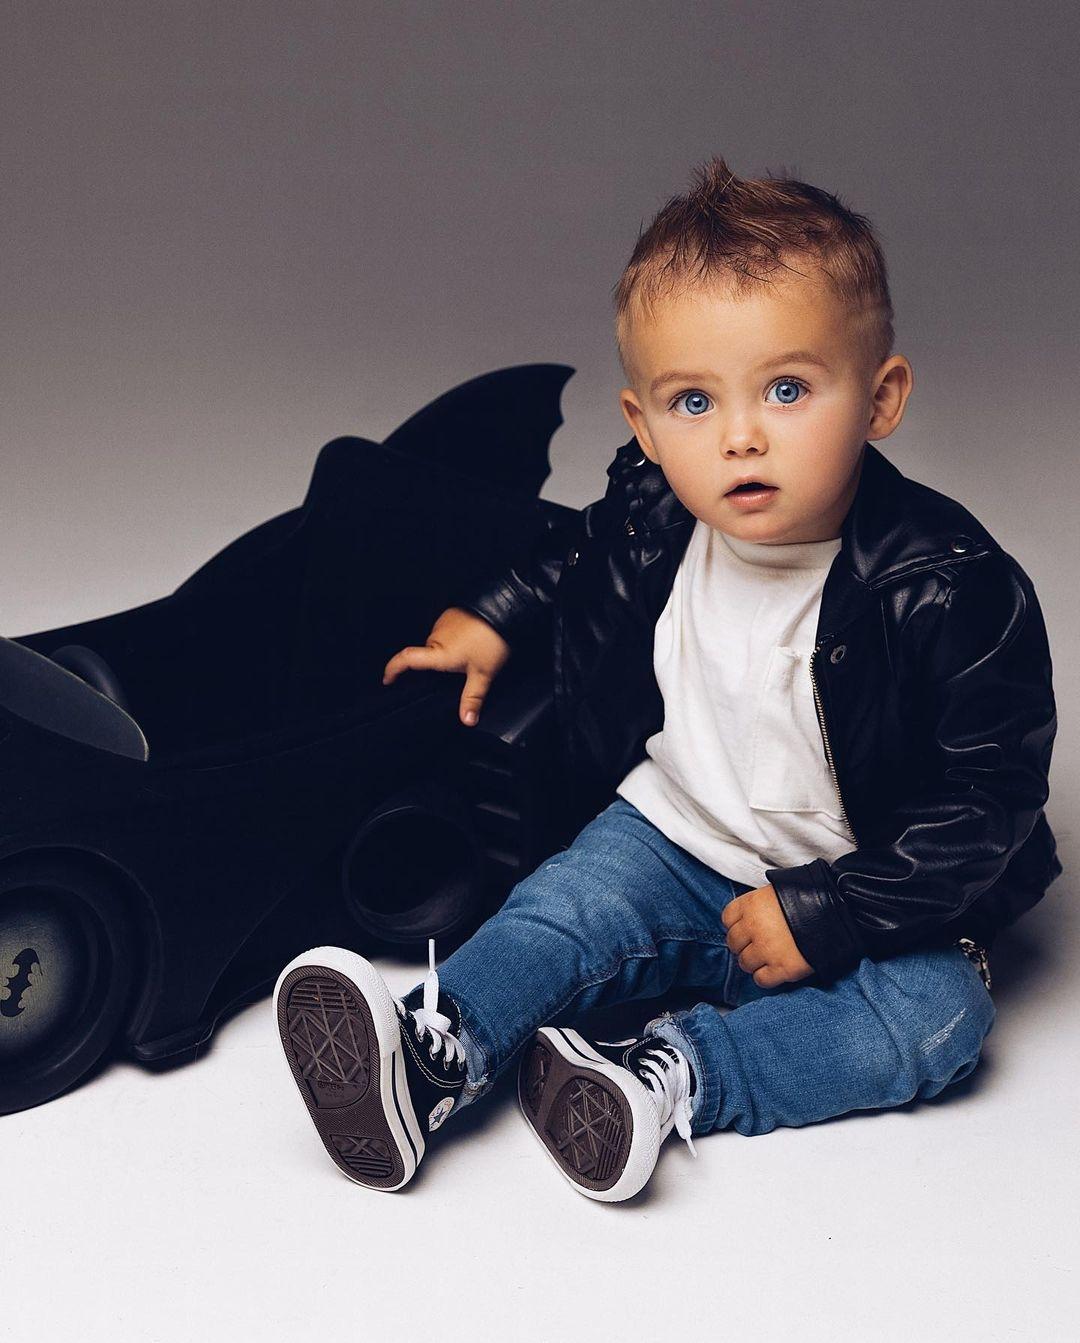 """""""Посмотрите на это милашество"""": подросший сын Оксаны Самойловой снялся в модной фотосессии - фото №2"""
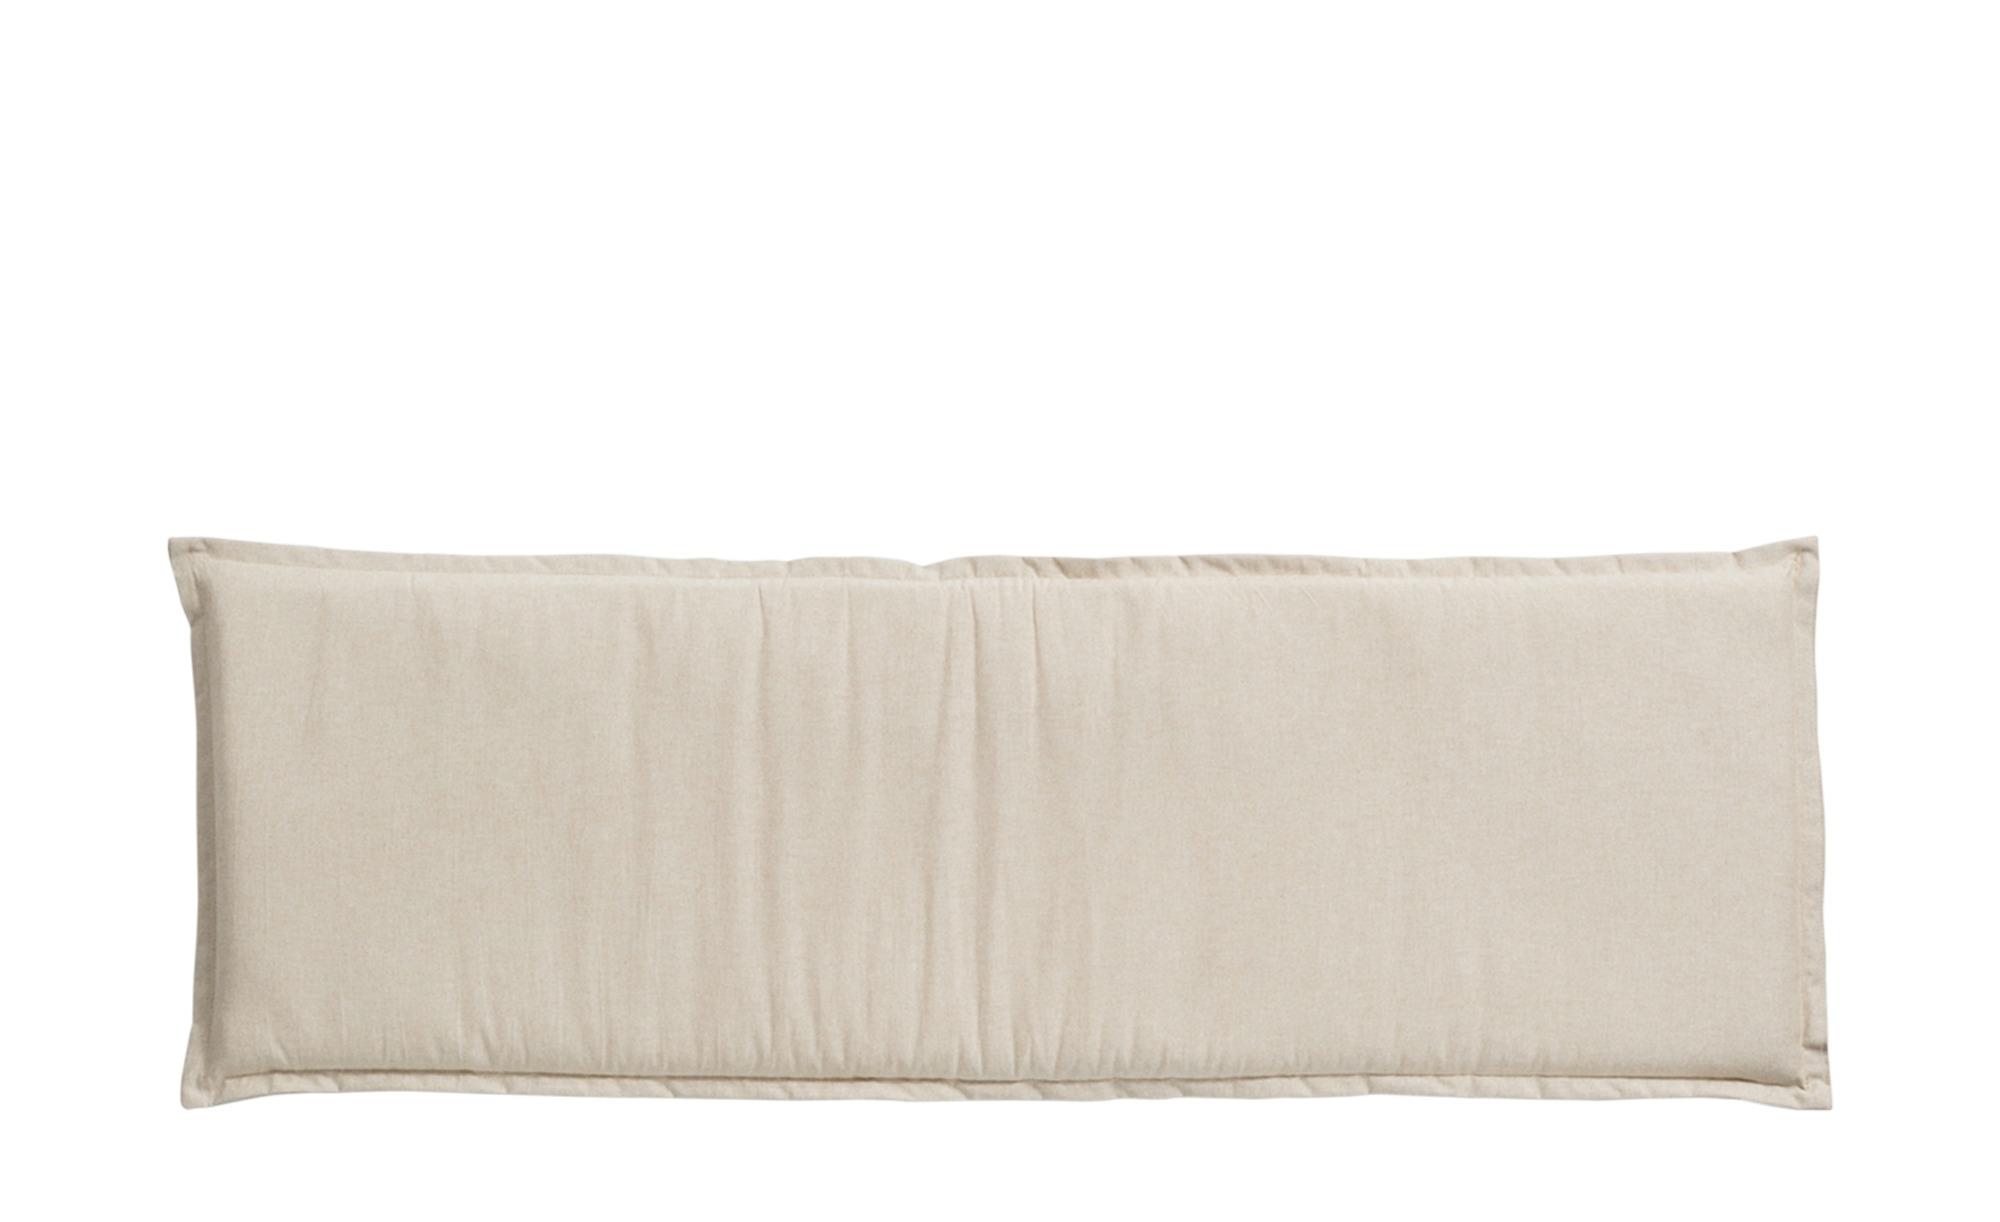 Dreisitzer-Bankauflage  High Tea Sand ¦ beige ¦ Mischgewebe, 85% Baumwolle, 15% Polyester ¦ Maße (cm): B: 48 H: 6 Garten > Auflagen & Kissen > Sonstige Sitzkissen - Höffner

---*---

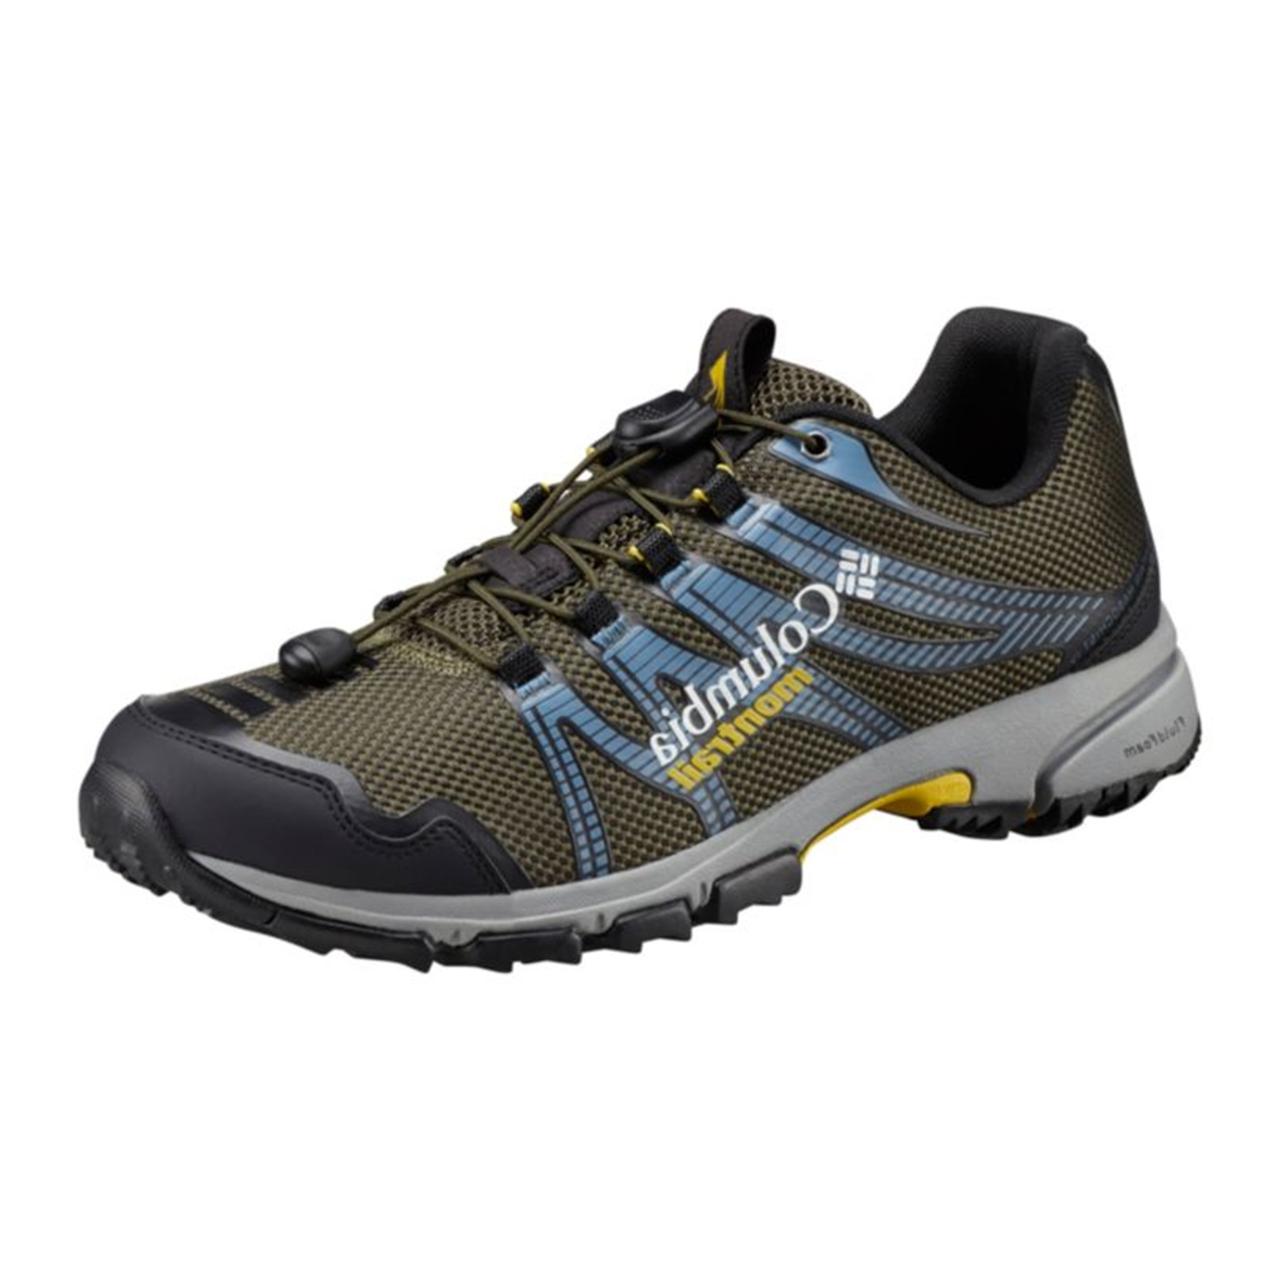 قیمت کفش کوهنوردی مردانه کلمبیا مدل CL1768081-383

---*---

EXERCISE REQUIREMENTS: In the listing above, find the line with "подросший сын Оксаны" and the line with "Sitzkissen - Höffner". Copy exactly those two and every line between, without the pictures.

RESPONSE TO THIS EXERCISE:
 """""""Посмотрите на это милашество"""": подросший сын Оксаны Самойловой снялся в модной фотосессии - фото №2"""
 Dreisitzer-Bankauflage  High Tea Sand ¦ beige ¦ Mischgewebe, 85% Baumwolle, 15% Polyester ¦ Maße (cm): B: 48 H: 6 Garten > Auflagen & Kissen > Sonstige Sitzkissen - Höffner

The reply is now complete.